In the last 200 years, the academic achievements which have declined considerably in recent years from Millennials to those categorized in Gen Z has been attributed to the rapid development of digital tools. Dr Horvath explained to a Senate committee last month that this was happening even though children are spending longer times in school than ever.
Gen Z is the first generation to have grown up with easy access to the internet at home and at school. According to Dr. Horvath, this might have caused them to lose skills in problem-solving, reading, memory, mathematics, and attention span.
According to reports, Horvath told the Commerce, Science, and Transportation Committee that this is directly related to the rise in the use of ‘educational technology’ by schools, in which teachers use tablets or computers as part of the new learning process.
The neuroscientist went on to claim that humans had not evolved over millions of years to merely absorb short video clips and convert them into understanding and memory.
Earlier last month, Horvath told the committee, “More than half of the time a teenager is awake, half of it is spent staring at a screen. Humans are biologically programmed to learn from other humans and from deep study, not flipping through screens for bullet point summaries.”
He also argued that, as social creatures, we developed to learn from one another through face-to-face discussions, not through YouTube videos or AI-generated summaries.
Even looking at a screen can disrupt the process by which the brain stores information.
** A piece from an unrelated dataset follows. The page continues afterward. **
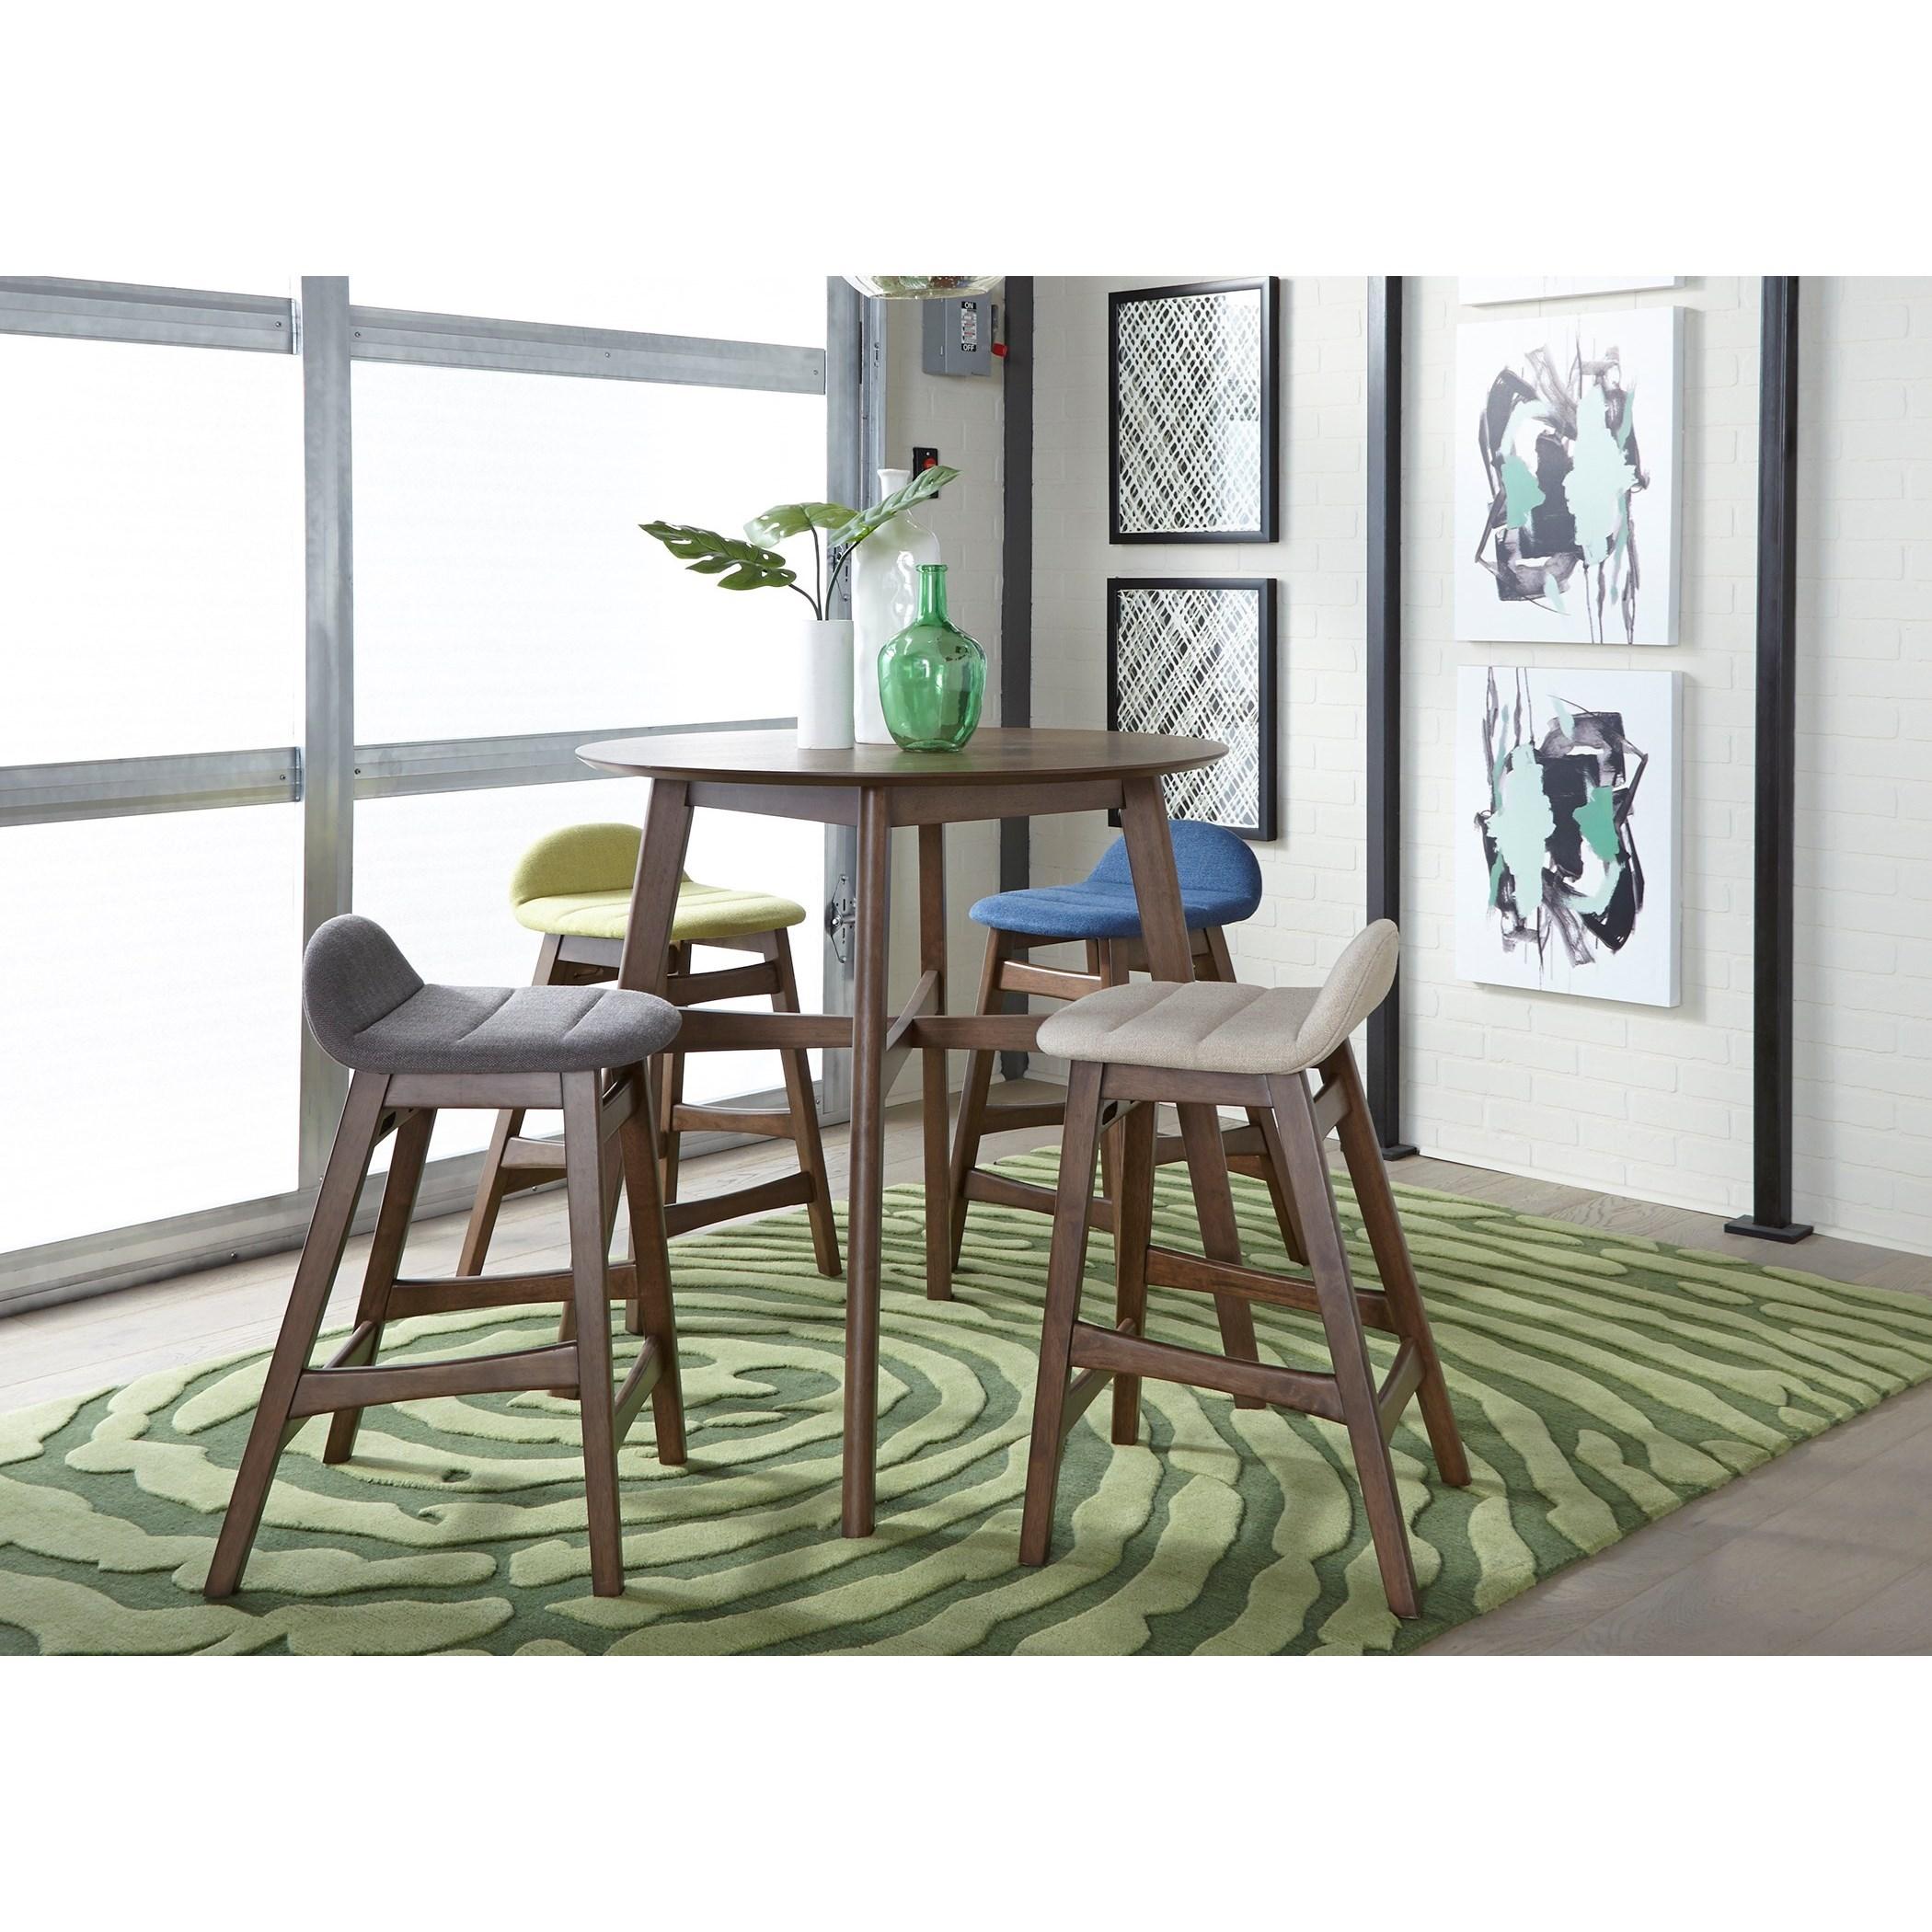 5-Piece Gathering Table Set
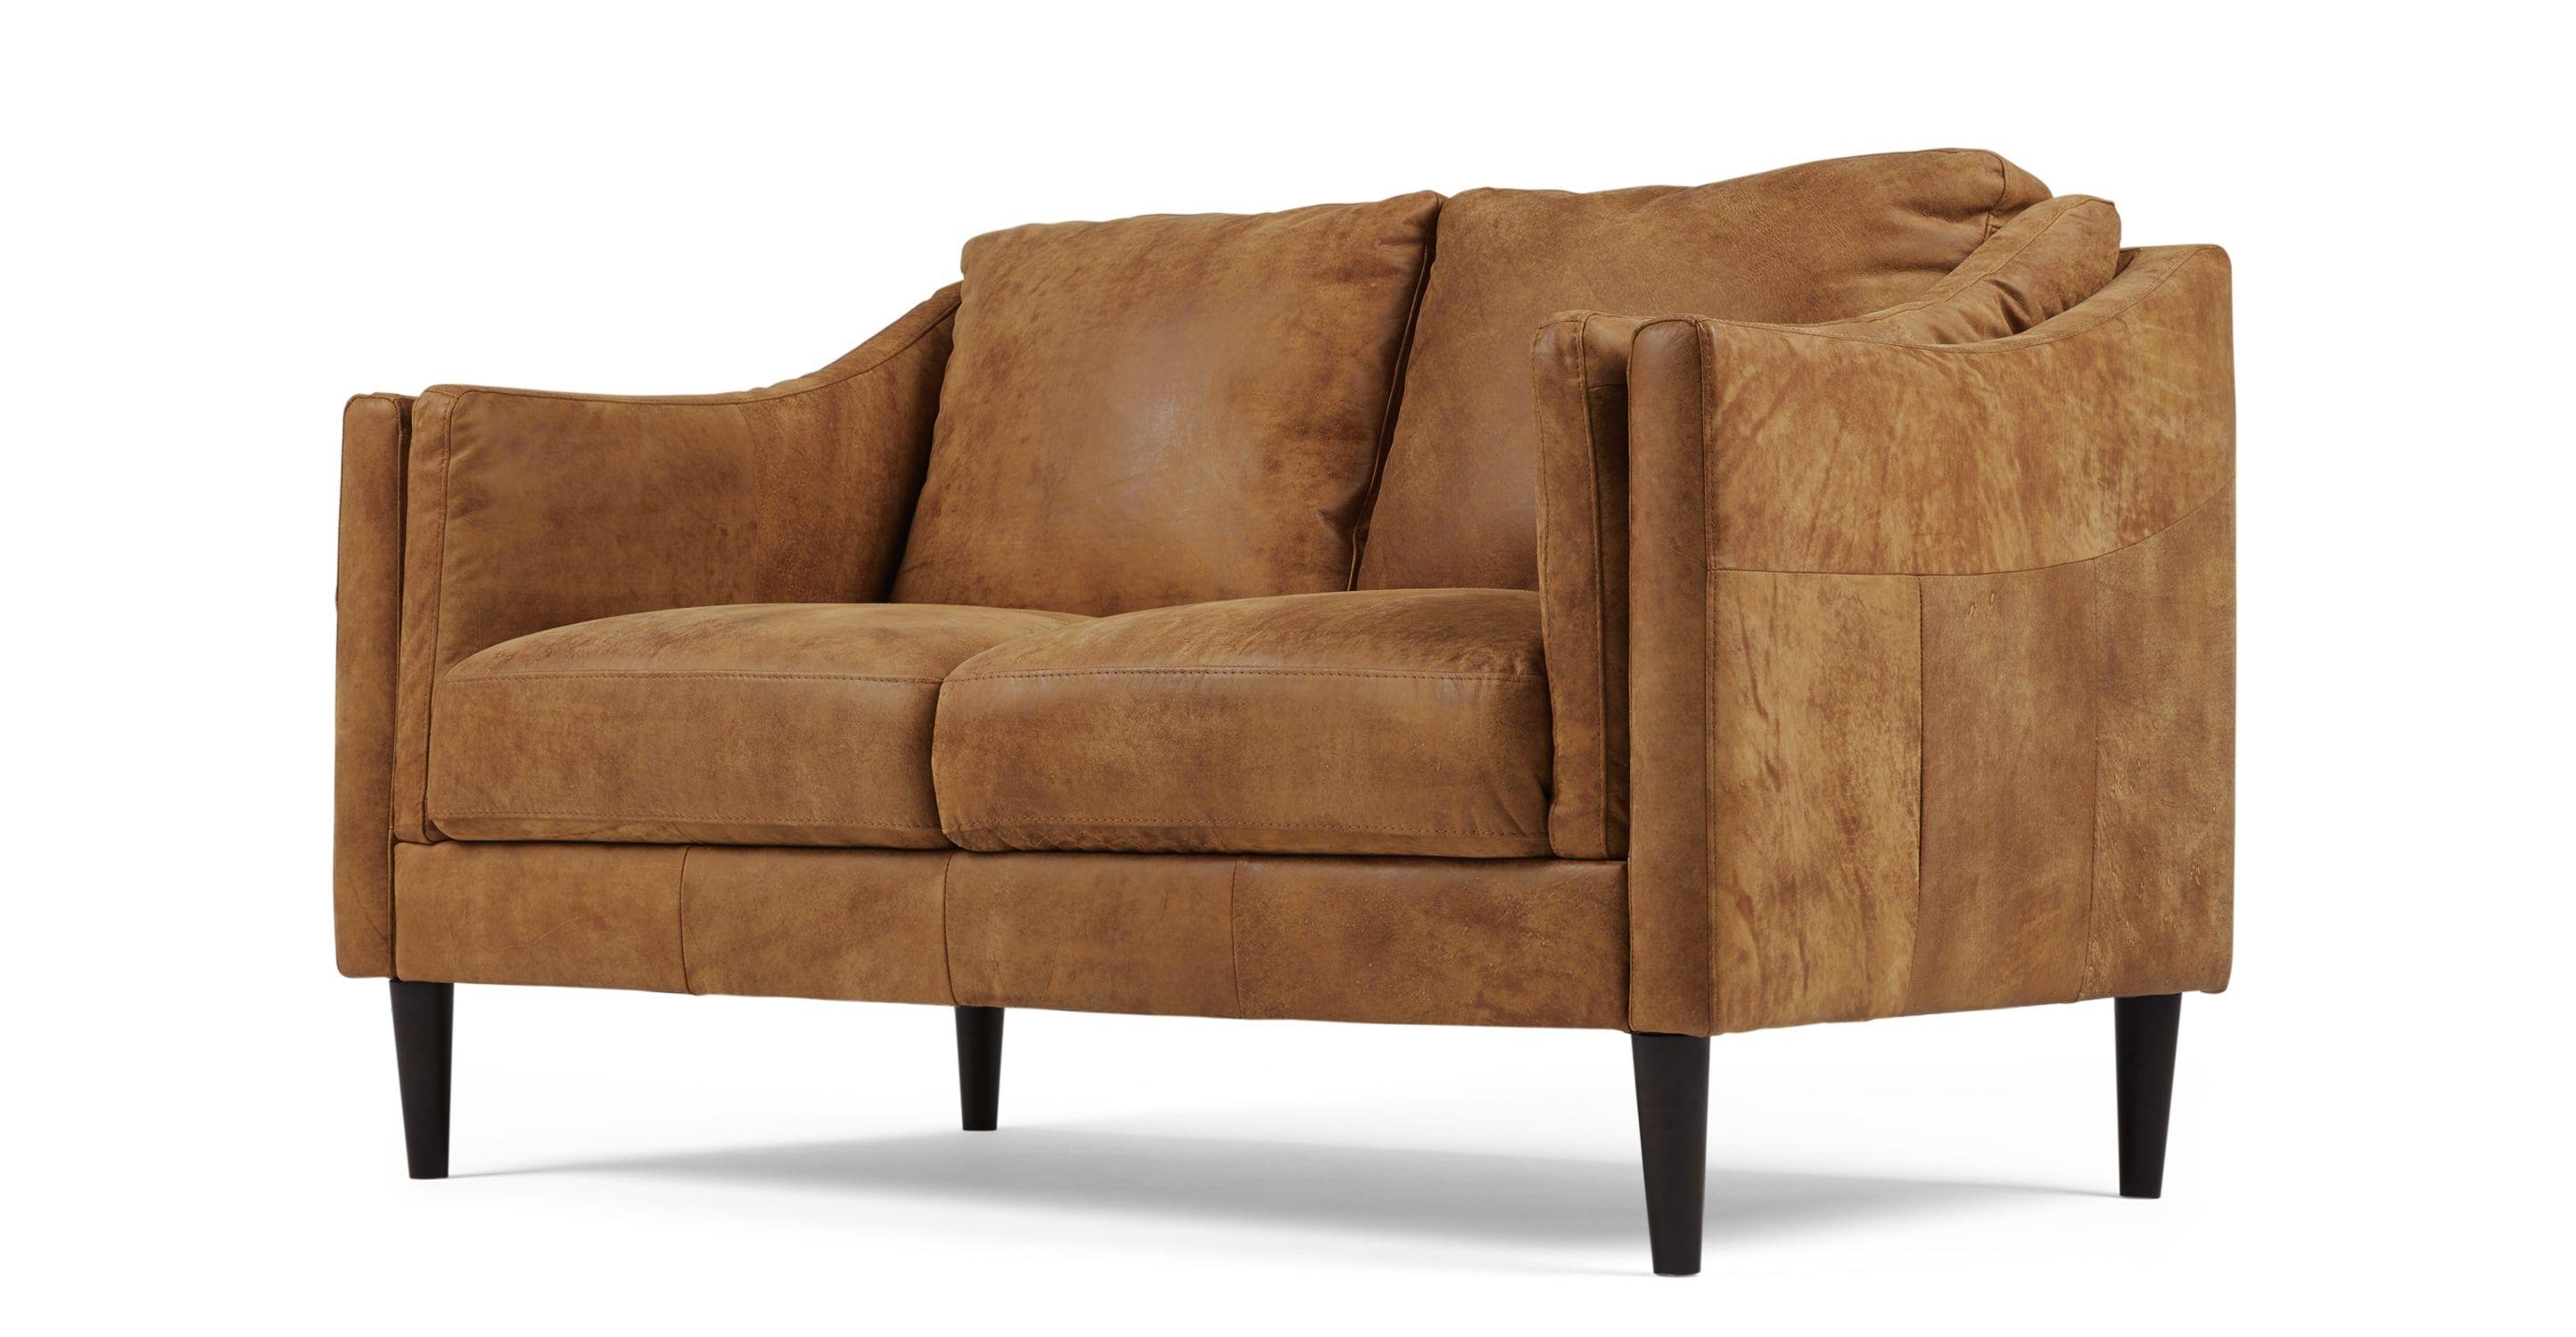 Design 2 Sitzer Sofas Ashwell 2 Sitzer Sofa Leder In Hellbraun Made Com Check Out More Made Com Canape 2 Places Cuir Brun Canape

It also hurts our ability to focus. He shared that he believed it was not a matter of developing better apps but returning to how humans are known to perceieve and process information better.
He said, “The answer appears to be the tools we are using within schools to drive that learning. If you look at the data, once countries adopt digital technology widely in schools, performance goes down significantly.”
He posed a question for the legislators, asking, “What do kids do on computers? They skim. So rather than determining what do we want our children to do and gearing education towards that, we are redefining education to better suit the tool. That’s not progress, that is surrender.”